==== DATASET EXTRACT ====

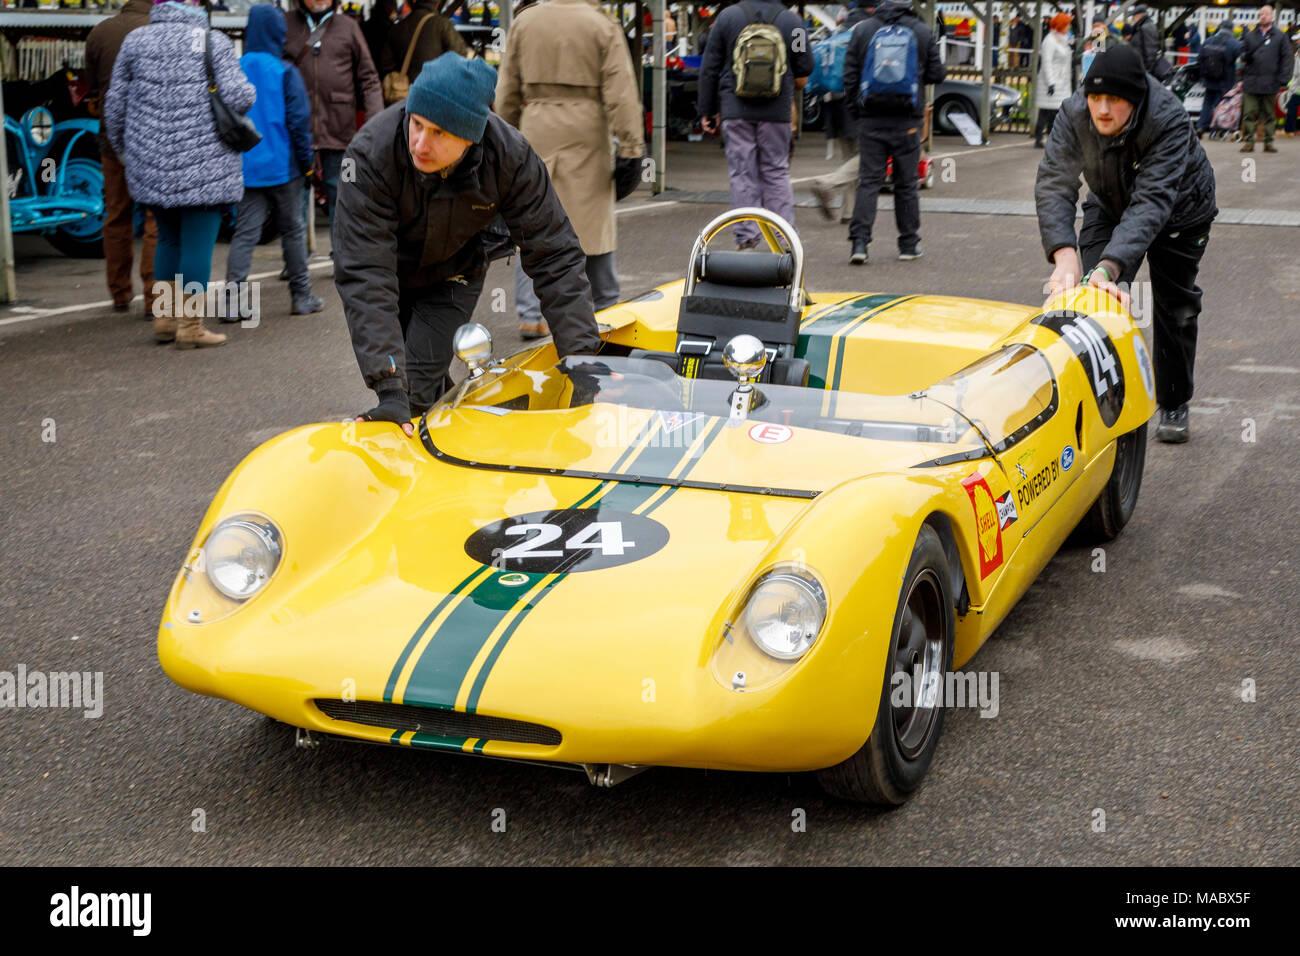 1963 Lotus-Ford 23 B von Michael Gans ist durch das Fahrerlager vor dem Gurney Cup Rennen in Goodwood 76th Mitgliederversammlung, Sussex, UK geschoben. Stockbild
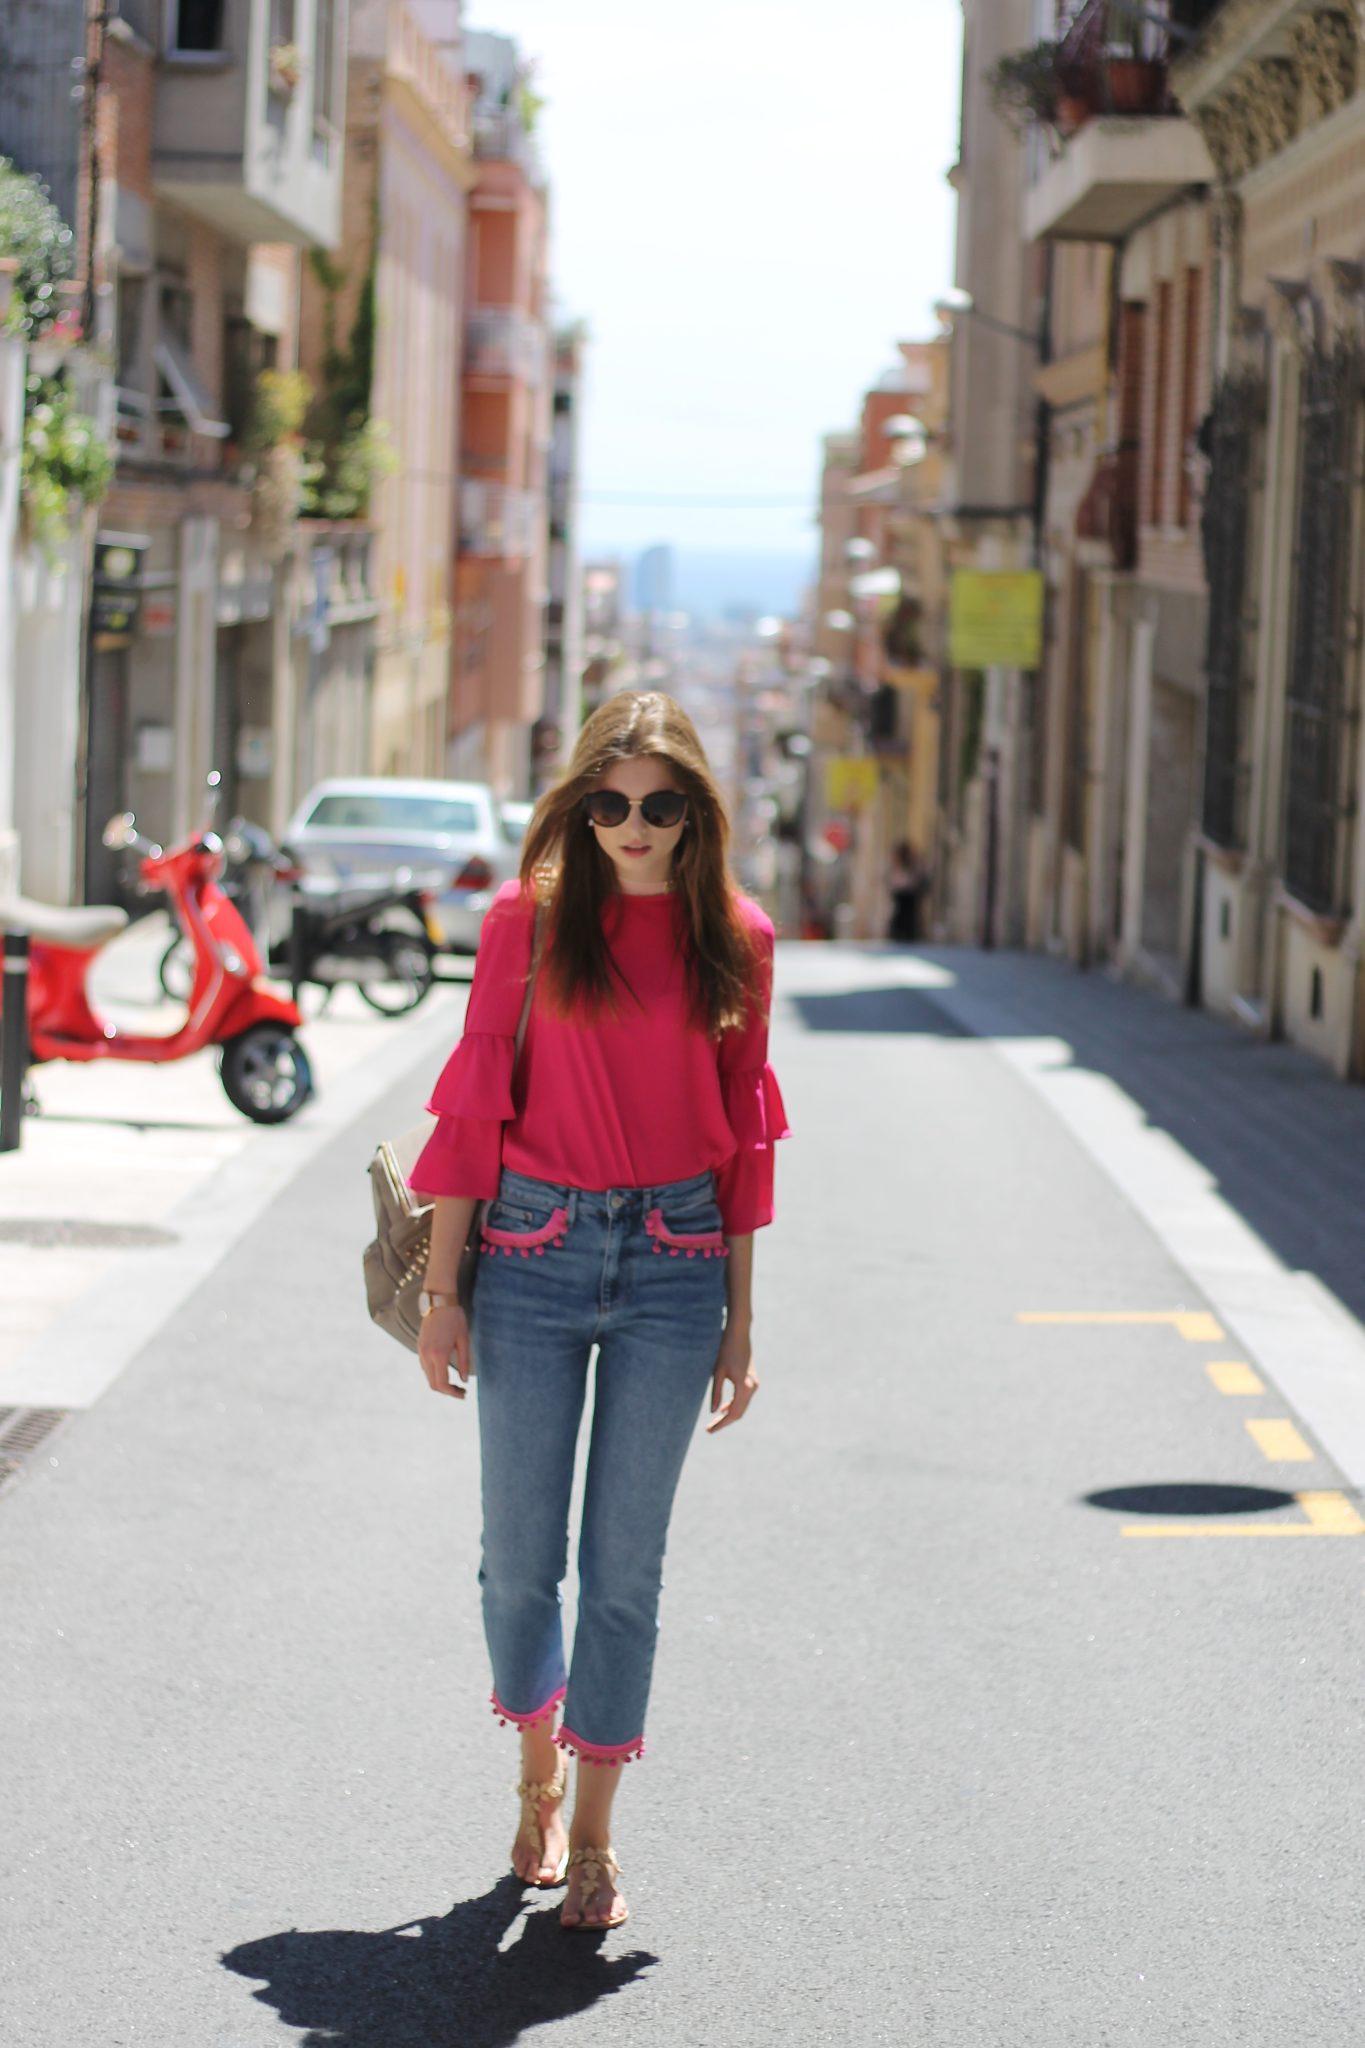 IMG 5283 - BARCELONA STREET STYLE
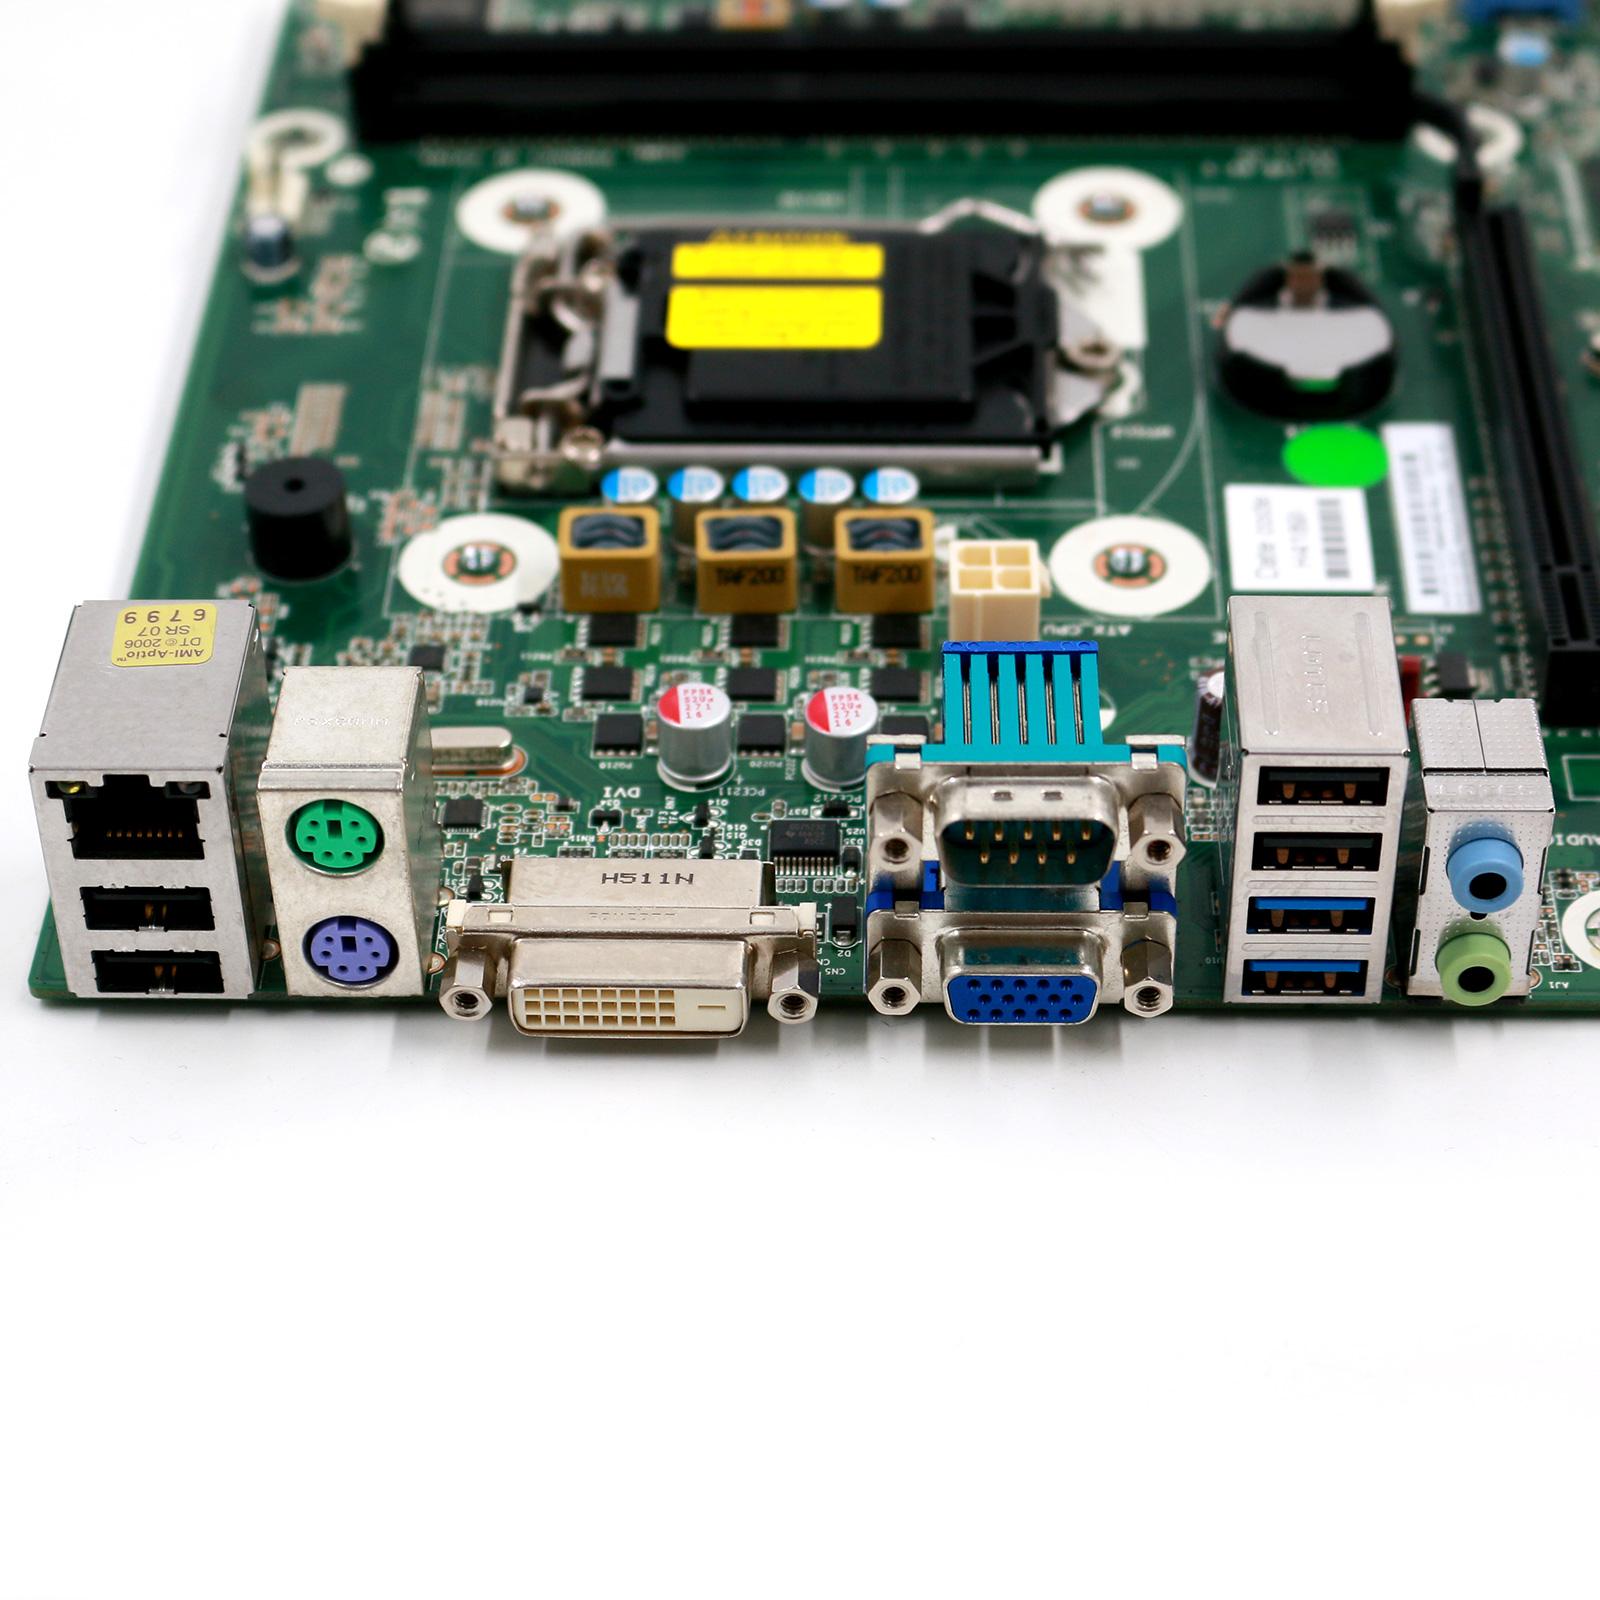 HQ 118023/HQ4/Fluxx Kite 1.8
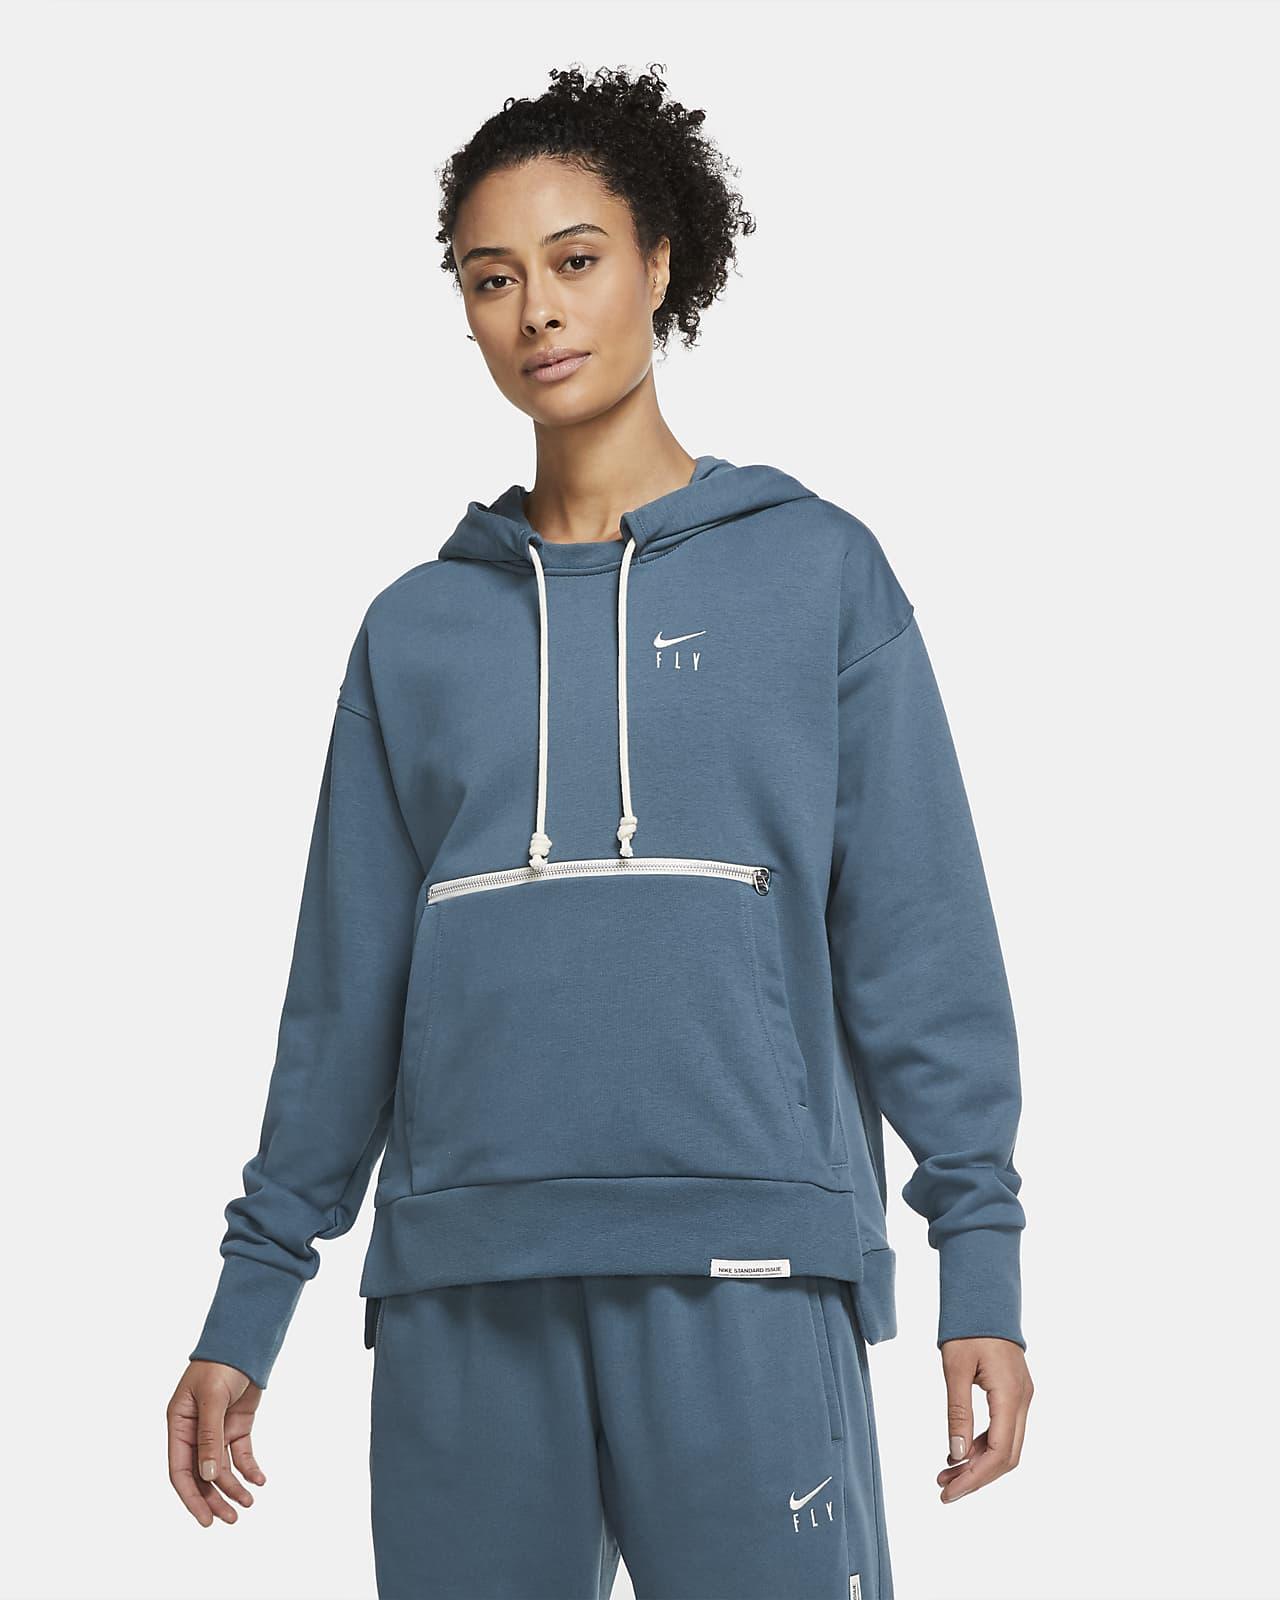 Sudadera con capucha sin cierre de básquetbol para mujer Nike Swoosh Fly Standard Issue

====

ASSIGNMENT :: Each line above should be output exactly, apart from the pictures.

RESPONSE AREA ::
 1963 Lotus-Ford 23 B von Michael Gans ist durch das Fahrerlager vor dem Gurney Cup Rennen in Goodwood 76th Mitgliederversammlung, Sussex, UK geschoben. Stockbild
 IMG 5283 - BARCELONA STREET STYLE
 HQ 118023/HQ4/Fluxx Kite 1.8
 Sudadera con capucha sin cierre de básquetbol para mujer Nike Swoosh Fly Standard Issue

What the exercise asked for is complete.